Shaping the Future of Work

Rajeev Mittal, Managing Director – India, UiPath

Robot process automation (RPA) is about assigning repeatable tasks to machines, which over time acquire ever-greater sophistication. RPA requires human intervention only when the robot – which is really a set of software, and not a distinct physical entity – cannot handle a task, though the list of such ‘no-go’ areas will only shrink in the coming years. RPA has a whole range of applications, which will continue to grow. This will not enable people to do more meaningful, interesting work, and organisations to make huge efficiency gains.

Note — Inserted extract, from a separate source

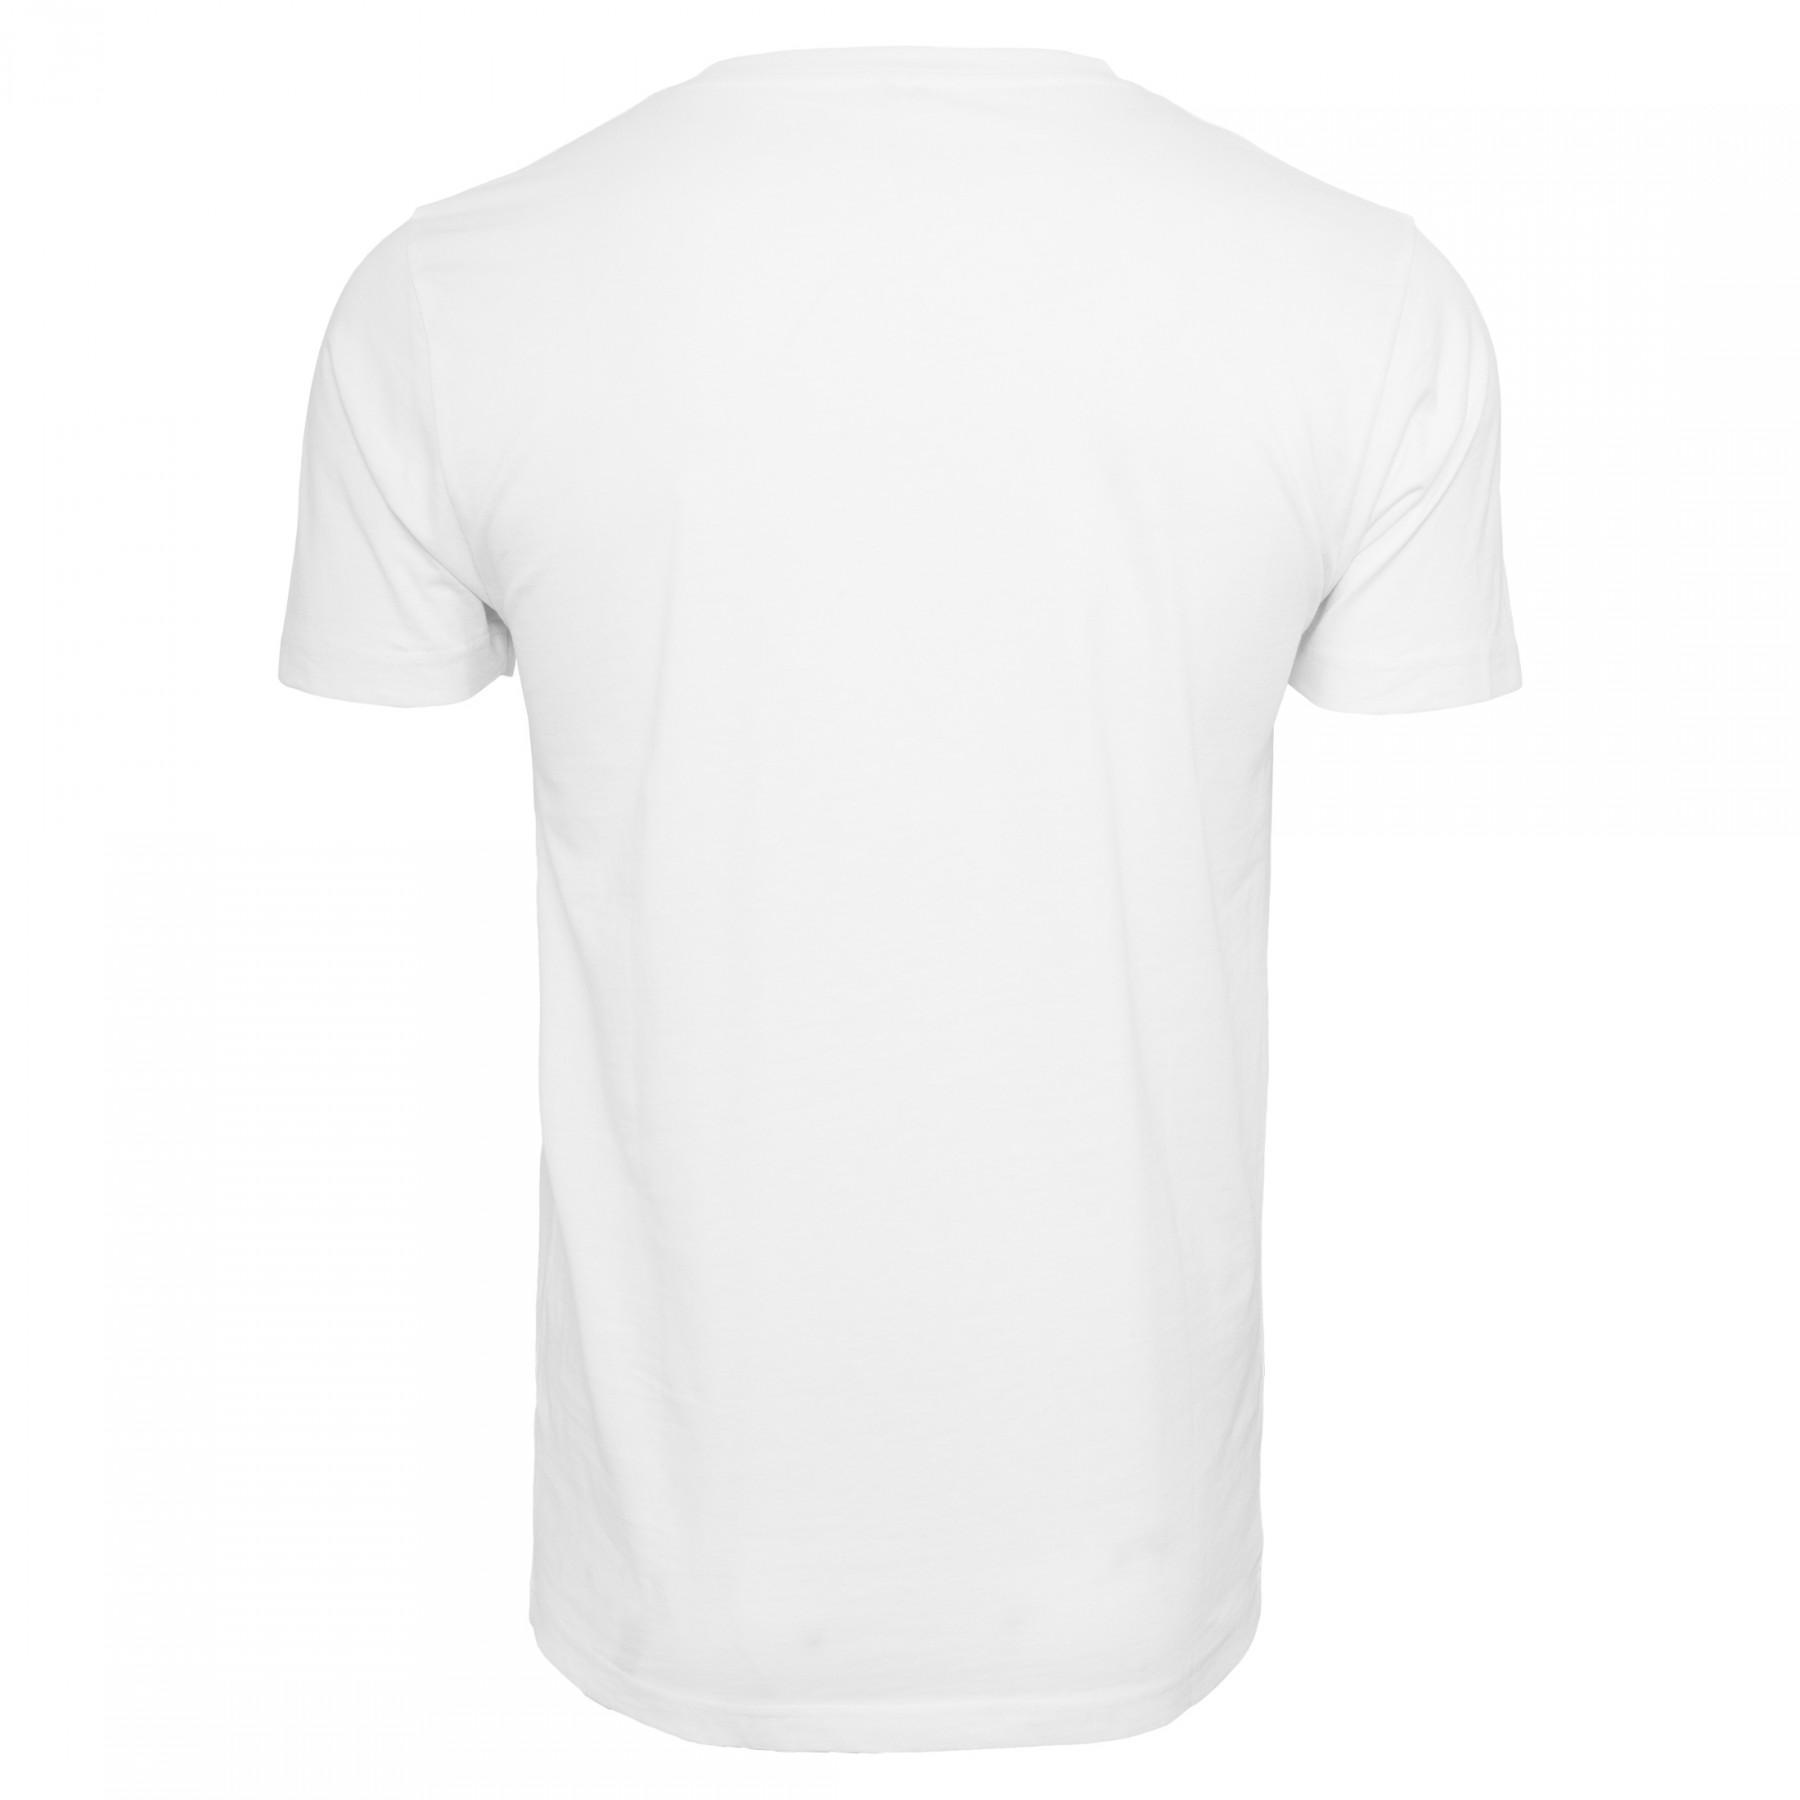 Camiseta Mister Tee tupac profile

Taking the robot out of humans…

Automating repeat processes with predictable outcomes

RPA currently works best in tasks that are repeated, high-volume and data-intensive, especially where the process is predetermined and the output is predictable. (Essentially, then, it automates repeat tasks that have fixed output.) This not only frees up the workforce from mundane duties, but also allows people to spend more time and energy on creative, strategic, higher value-add work. Agility and job satisfaction both improve. For the organisation, there are massive efficiency gains to be had, and in some cases, customer satisfaction receives a big leg-up. Importantly, compliance improved as humans’ ability to make mistakes is taken away.

…in multiple areas…

Everything from jobs and loans…

…to issuing credit cards…

…processing invoices…

…monitoring social media…

…and organising vast amounts of data

The uses of RPA are myriad, including several low-hanging fruit:

  • Job applications: robots can scan through social sites, identifying personality traits that the organisation might find desirable
  • Loan applications: RPA systems can ‘read’ an application, upload all the routine data (name, address, income), and check on credit ratings. Depending on defined parameters, it can provide an answer within seconds, with say, 90% confidence. Applications that fall outside a certain confidence band can be passed on to a human
  • Credit card issuances, claims settlements: Tasks that rely heavily on routine, back-end information can be automated, based on fixed parameters. This can greatly speed up processing time, raising customer satisfaction levels
  • Purchase ledgers: it is possible to have the system open an email, pull out an AP invoice, scan the details, input them into the ERP system, and even process the payment. The potential efficiency gains in FP&A are in the region of 95%.
  • Real-time social media monitoring: Bots can be trained to perform tasks like picking up on negative signals on platforms like Facebook, and taking appropriate action. Plainly, they can do this faster, and in greater volume, than a team of humans might
  • Organising unstructured data: 80-90% of all business data is unstructured, but advances in NLP (natural language processing), voice recognition, AI and machine learning are making it easier to capture and analyse such information. IBM’s Watson, for example, uses unstructured data, including x-rays, to arrive at probabilistic outcomes. In the next few years, the scope for such applications will expand dramatically

…and building a robot for every human

A digital assistant (or several) for each person on Earth

  • On the flip side, robots can – in time – become true ‘digital assistants’ to every human being. With cognitive automation, they will be able to start thinking like humans – setting appointments, managing calendars, even reading and – within fixed parameters – replying to emails. At UiPath, bots are used for everything from reminding workers to order their lunch and actually placing orders for them, to answering legal questions. They are, in other words, working side-by-side with humans, rather than necessarily replacing them.

Embracing the future

Plugging the missing parts of the platform…

From a technology point of view, the basic tools necessary for RPA have long existed, but some crucial nuts and bolts were missing. In recent years, advances in NLP, OCR (optical character recognition) and other technologies means that its scalability and range of applications has vastly grown. RPA is, however, more an ongoing journey than a fixed destination. It should also be noted that it works on the basis of probabilistic outcomes, rather than certainties. Moreover, any process that gets automated can only be as good or bad as the process itself – if you automate a poor process, the outcomes will be no better than if they were performed manually.

…and recognising it for what it is: one of many technological revolutions

Many worry that robots will replace humans, but as with any technological or industrial revolution, initial job losses will be followed by the creation of new, ancillary jobs. The automobile, for example, replaced horse-carriages, but it created a whole set of new industries: part suppliers, car dealers, service stations, and so on. As RPA becomes mainstream, the reskilling process will begin. RPA-related jobs that did not previously exist will get created, and whole organisations will spring up to service this need. More broadly, RPA will help build a more efficient ecosystem, one where the ‘robot’ gets taken out of each human in a very real sense, removing the mundane, improving efficiency, and freeing people up to do more interesting, value-adding things with their time.